A paper titled “Association of Accelerometer‐Measured Sedentary Accumulation Patterns With Incident Cardiovascular Disease, Cancer, and All‐Cause Mortality” has recently been published in the Journal of the American Heart Association. The full article can be found here. The summary of the paper and citation details are re-posted below.

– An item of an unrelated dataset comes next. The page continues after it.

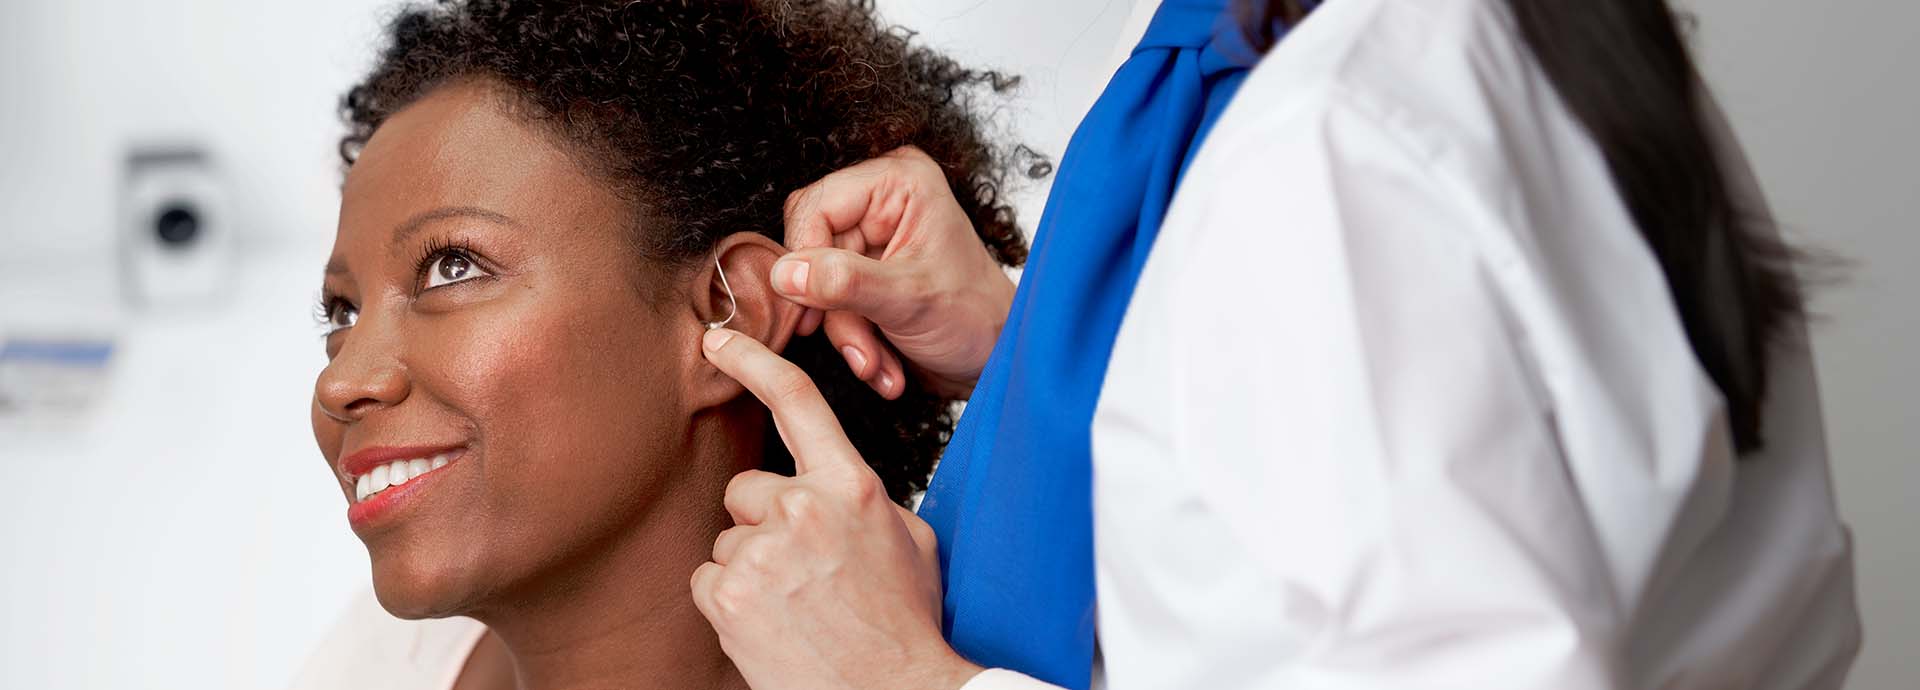 Billede viser en kvinde med et høreapparat bag øret

Dempsey PC, Strain T, Winkler EAH, et al. Association of Accelerometer-Measured Sedentary Accumulation Patterns With Incident Cardiovascular Disease, Cancer, and All-Cause Mortality. J Am Heart Assoc. 2022;11(9):e023845. doi:10.1161/JAHA.121.023845
Emerging evidence suggests accruing sedentary behavior (SB) in relatively more prolonged periods may convey additional cardiometabolic risks, but few studies have examined prospective outcomes. We examined the association of SB accumulation patterns with incident cardiovascular disease (CVD), cancer, and all‐cause mortality (ACM).
Methods and Results
Data were from 7671 EPIC‐Norfolk (European Prospective Investigation Into Cancer and Nutrition–Norfolk) cohort middle‐ to older‐aged adults who wore accelerometers on the right hip for 4 to 7 days. Cox proportional hazards regression modeled associations between 2 measures of SB accumulation and incident CVD, cancer, and ACM. These were usual SB bout duration (the midpoint of each individual’s SB accumulation curve, fitted using nonlinear regression) and alpha (hybrid measure of bout frequency and duration, with higher values indicating relatively shorter bouts and fewer long bouts). Models were adjusted for potential confounders, then further for 24‐hour time‐use compositions. During mean follow‐up time of 6.4 years, 339 ACM, 1106 CVD, and 516 cancer events occurred. Elevated rates of incident cancer and ACM were seen with more prolonged SB accumulation (lower alpha, higher usual SB bout duration) but not CVD. For usual SB bout duration and alpha, respectively, the confounder‐adjusted hazard ratios per SD of the exposure were 1.12 (95% CI, 1.02–1.23) and 0.88 (95% CI, 0.79–0.98) with incident cancer and 1.16 (95% CI, 1.07–1.26) and 0.80 (95% CI, 0.72–0.89) with ACM (all P<0.05). Further adjustment for 24‐hour time use weakened associations with ACM for usual bout duration (hazard ratio, 1.06; 95% CI, 0.97–1.16; P=0.209) and partially for alpha (hazard ratio, 0.87; 95% CI, 0.77–0.99; P=0.029).
Accruing SB in longer bout durations was associated with higher rates of incident cancer and ACM but not with incident CVD, with some evidence of direct SB accumulation effects independent of 24‐hour time use. Findings provide some support for considering SB accumulation as an adjunct target of messaging to “sit less and move more”.